Each line of the records below that holds "season" should be returned.
-------- Input material --------
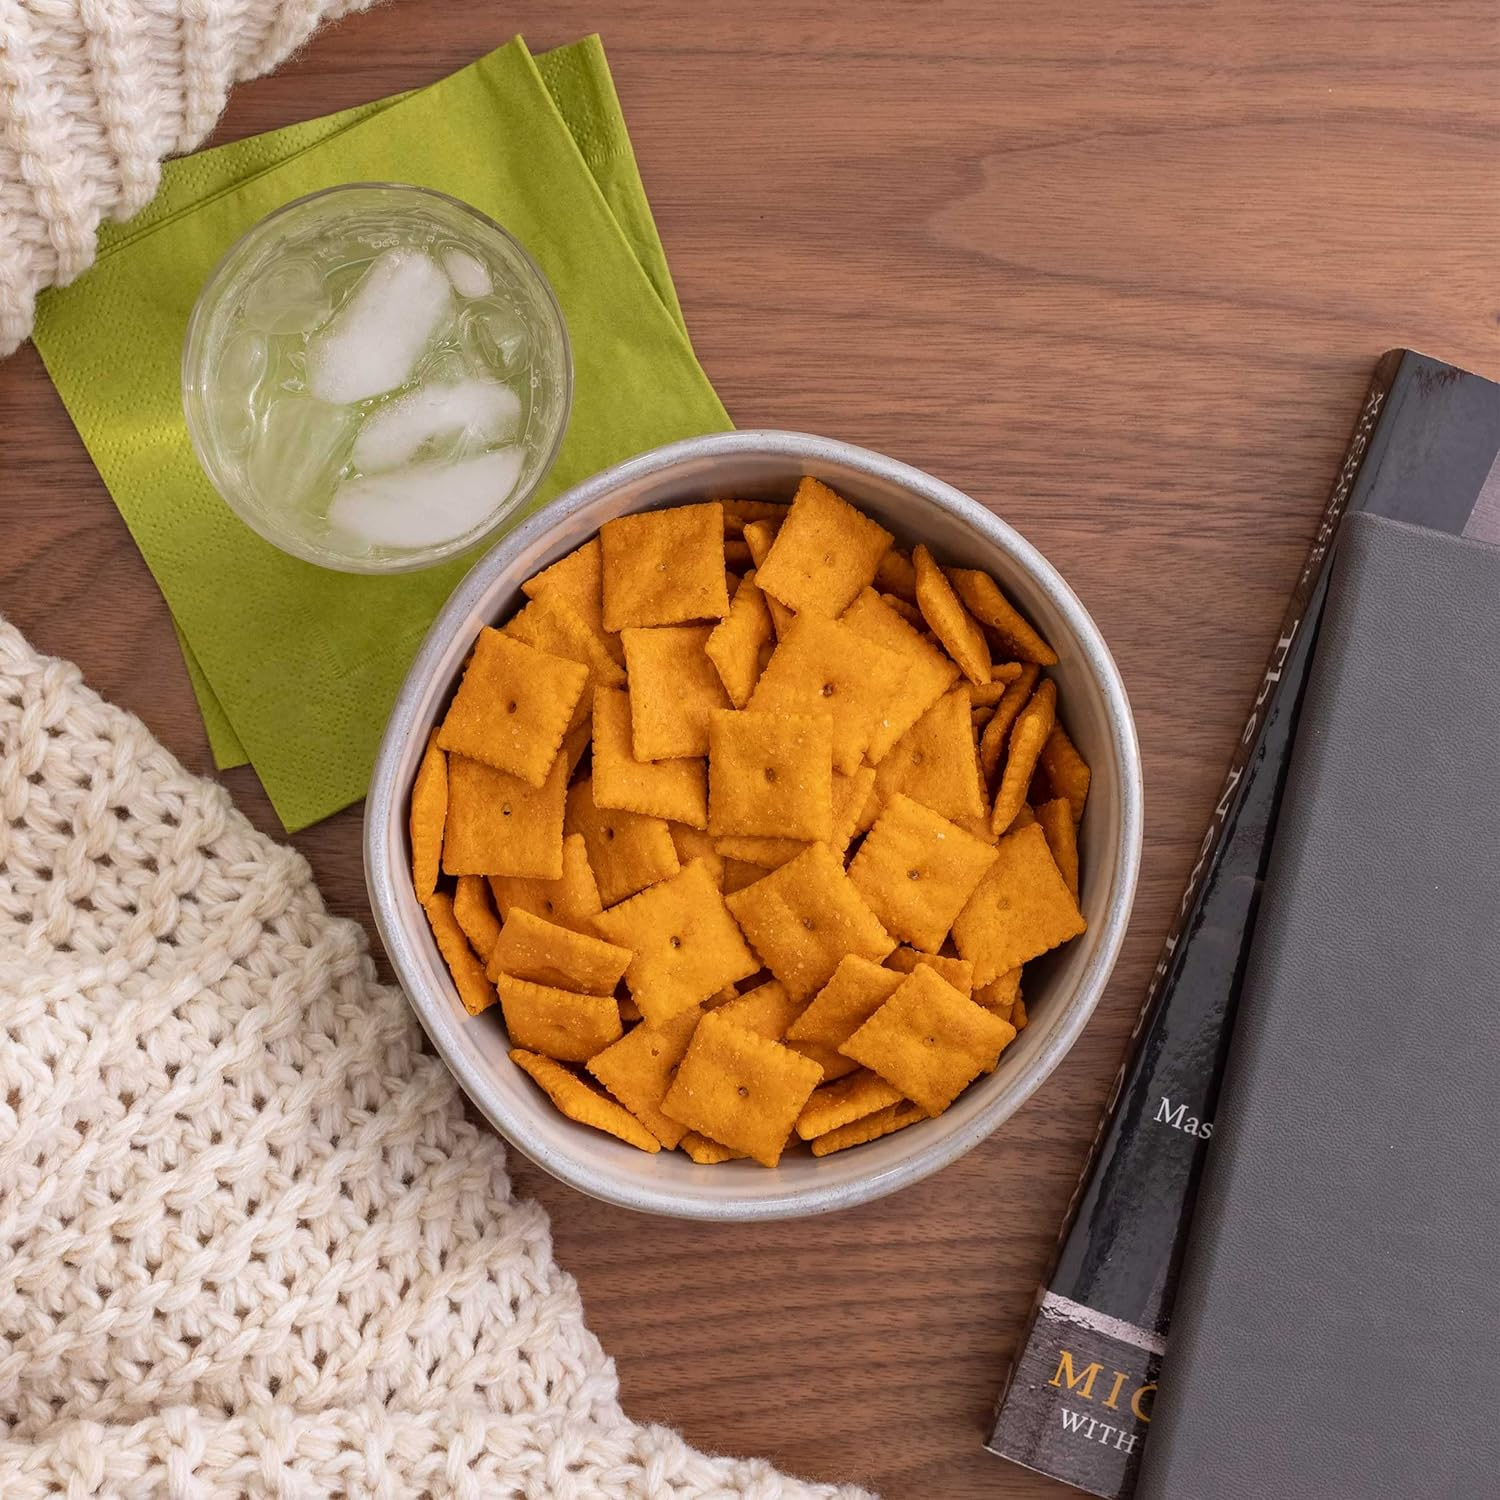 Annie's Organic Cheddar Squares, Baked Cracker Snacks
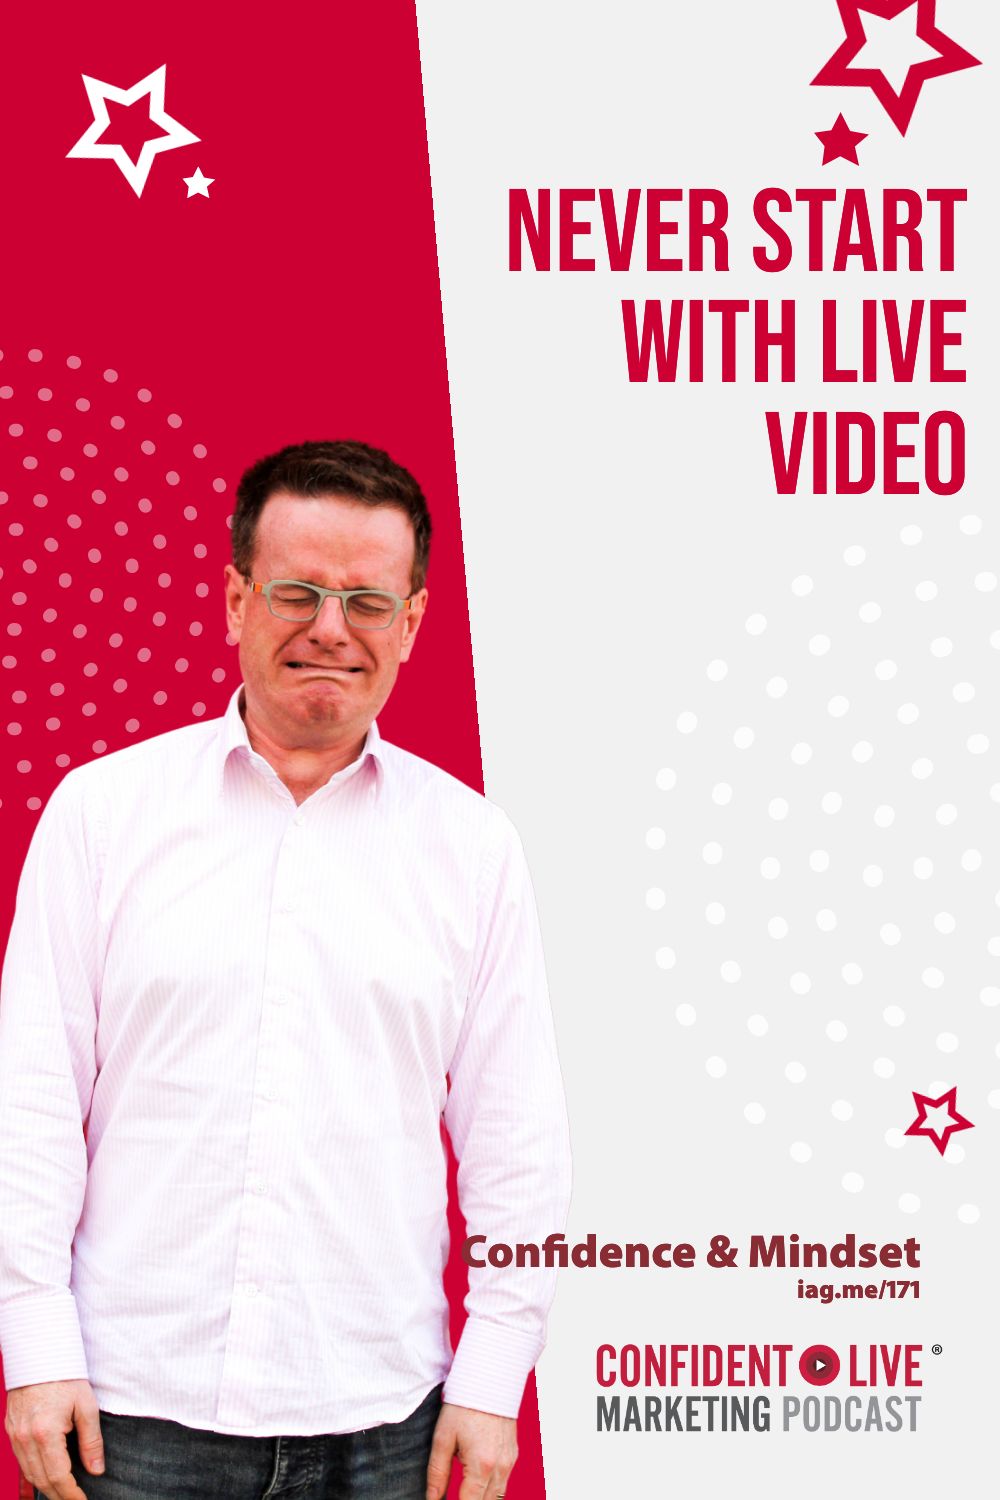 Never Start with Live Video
--------
-------- Input material --------
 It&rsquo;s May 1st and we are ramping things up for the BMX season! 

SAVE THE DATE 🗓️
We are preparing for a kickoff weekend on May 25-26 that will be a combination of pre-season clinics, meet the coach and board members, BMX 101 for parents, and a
--------
[Problem solution]
 It&rsquo;s May 1st and we are ramping things up for the BMX season! 
We are preparing for a kickoff weekend on May 25-26 that will be a combination of pre-season clinics, meet the coach and board members, BMX 101 for parents, and a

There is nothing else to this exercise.